Test logs: ( with fix patch )
==========
~# ip xfrm state list
~# ip xfrm state add src fe80::/10 dst ff02::3 proto esp spi 1235 mode transport auth sha1 0xAABBCCDDEEFF0010 enc des 0xAABBCCDDEEFF0010
~# ip xfrm state list
src fe80:: dst ff02::3
proto esp spi 0x000004d3 reqid 0 mode transport
replay-window 0
auth-trunc hmac(sha1) 0xaabbccddeeff0010 96
enc cbc(des) 0xaabbccddeeff0010
sel src ::/0 dst ::/0
~# ip xfrm state update src fe80::/10 dst ff02::3 proto esp spi 1235 mode transport auth sha1 0xAABBCCDDEEFF0015 enc des 0xAABBCCDDEEFF0020
~# ip xfrm state list
src fe80:: dst ff02::3
proto esp spi 0x000004d3 reqid 0 mode transport
replay-window 0
auth-trunc hmac(sha1) 0xaabbccddeeff0015 96 ----> [ Updated to new Auth key ]
enc cbc(des) 0xaabbccddeeff0020 ----> [ Updated to new Enc key ]
sel src ::/0 dst ::/0
---
net/xfrm/xfrm_state.c | 4 ++++
1 file changed, 4 insertions(+)
diff --git a/net/xfrm/xfrm_state.c b/net/xfrm/xfrm_state.c
index 419bf5d..1c80fc2 100644
--- a/net/xfrm/xfrm_state.c
+++ b/net/xfrm/xfrm_state.c
@@ -1388,6 +1388,10 @@ int xfrm_state_update(struct xfrm_state *x)

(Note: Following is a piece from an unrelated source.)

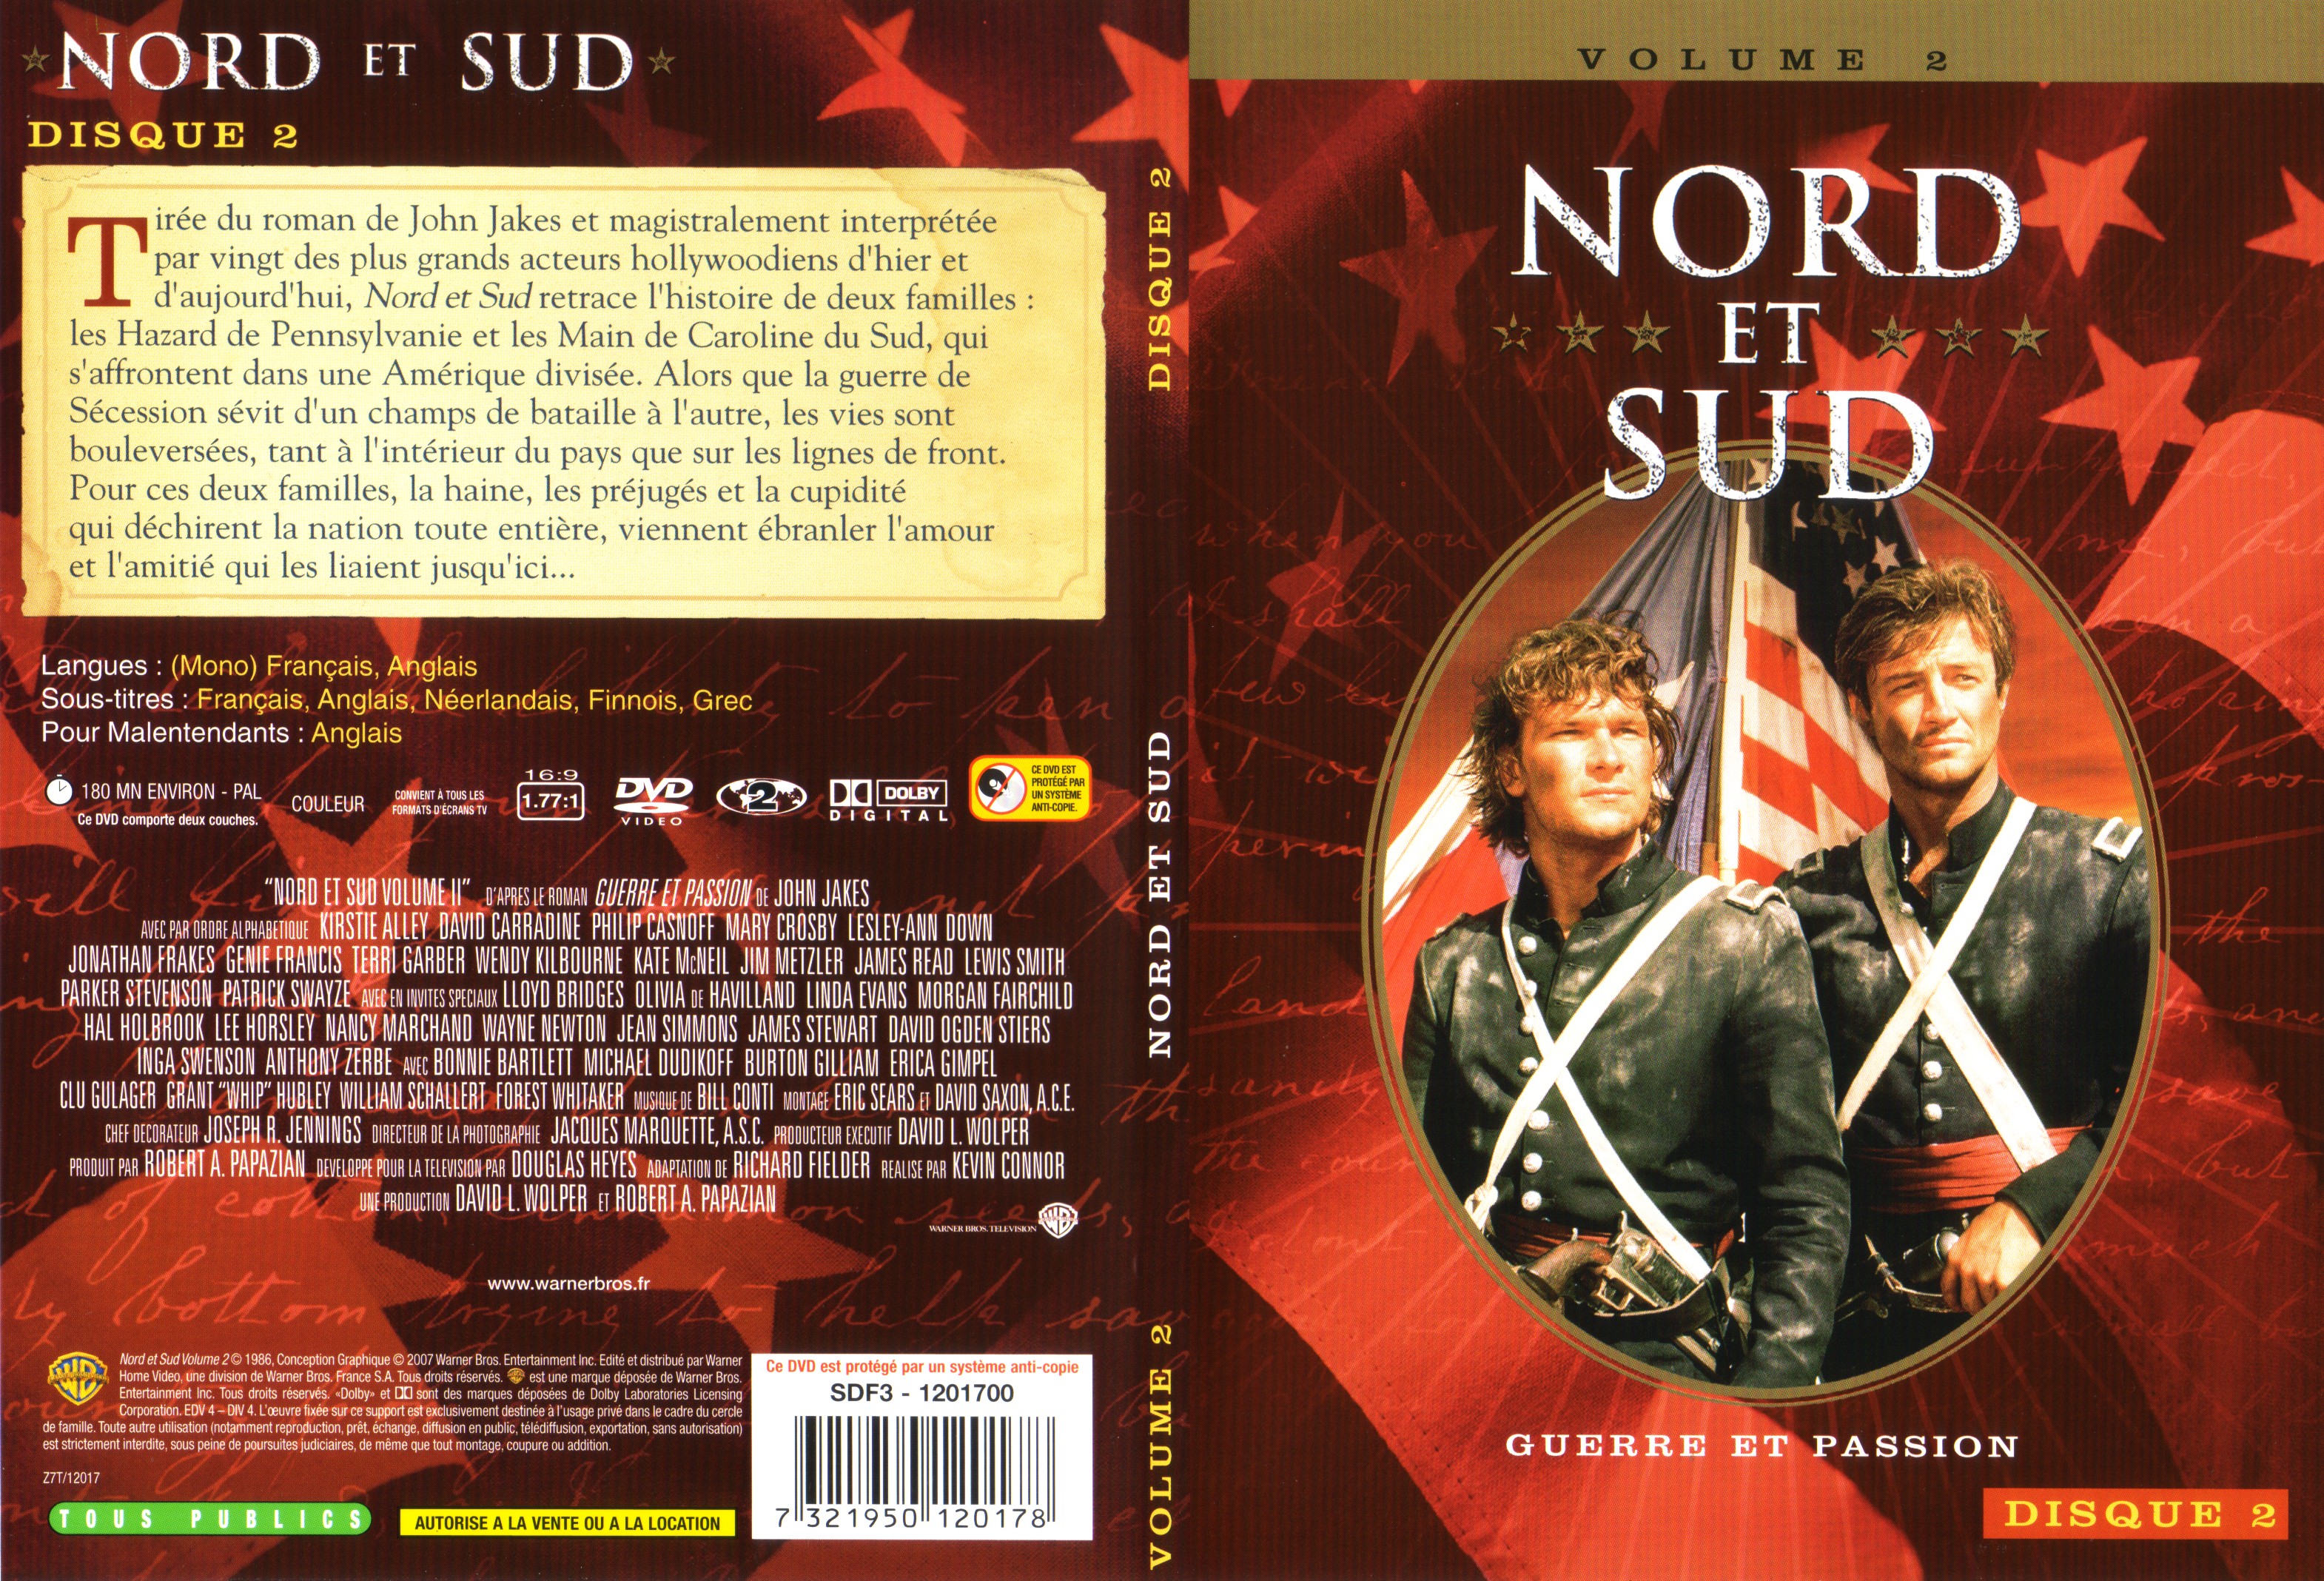 Jaquette DVD Nord et sud vol 2 dvd 2 v2

memcpy(&x1->lft, &x->lft, sizeof(x1->lft));
x1->km.dying = 0;
+ /* To update Authendication and Encryption keys */
+ x1->aalg = kmemdup( x->aalg, xfrm_alg_auth_len(x->aalg), GFP_KERNEL);
+ x1->ealg = kmemdup( x->ealg, xfrm_alg_len(x->ealg), GFP_KERNEL);
+
tasklet_hrtimer_start(&x1->mtimer, ktime_set(1, 0), HRTIMER_MODE_REL);
if (x1->curlft.use_time)
xfrm_state_check_expire(x1);
--
1.9.1
On Tue, Mar 07, 2017 at 05:33:13PM +0530, [email protected] wrote:
> From: Thiruvadi rajaraman <[email protected]>
>
> The "ip xfrm state update" process doesn't update the new authendication
> and encryption keys as well as it doesn't return an error.
>
> Test logs: (Default)
> ==========
> ~# ip xfrm state list
> ~# ip xfrm state add src fe80::/10 dst ff02::3 proto esp spi 1235 mode transport auth sha1 0xAABBCCDDEEFF0010 enc des 0xAABBCCDDEEFF0010
> ~# ip xfrm state list
> src fe80:: dst ff02::3
> proto esp spi 0x000004d3 reqid 0 mode transport
> replay-window 0
> auth-trunc hmac(sha1) 0xaabbccddeeff0010 96
> enc cbc(des) 0xaabbccddeeff0010
> sel src ::/0 dst ::/0
> ~#
>
> ~# ip xfrm state update src fe80::/10 dst ff02::3 proto esp spi 1235 mode transport auth sha1 0xAABBCCDDEEFF0015 enc des 0xAABBCCDDEEFF0020
> src fe80:: dst ff02::3
> proto esp spi 0x000004d3 reqid 0 mode transport
> replay-window 0
> auth-trunc hmac(sha1) 0xaabbccddeeff0010 96 ----> [ Auth key doesn't changed and remains same ]
> enc cbc(des) 0xaabbccddeeff0010 ----> [ Enc key doesn't changed and remains same ]
This is intentional, the original state is not XFRM_STATE_ACQ,
so you are not allowed to update keys without requesting for
a new SPI. The original code was written 15 years ago, based
on RFC 2367 (PF_KEY) which says we must return -EINVAL in this
case. So if we change this, we should return an error.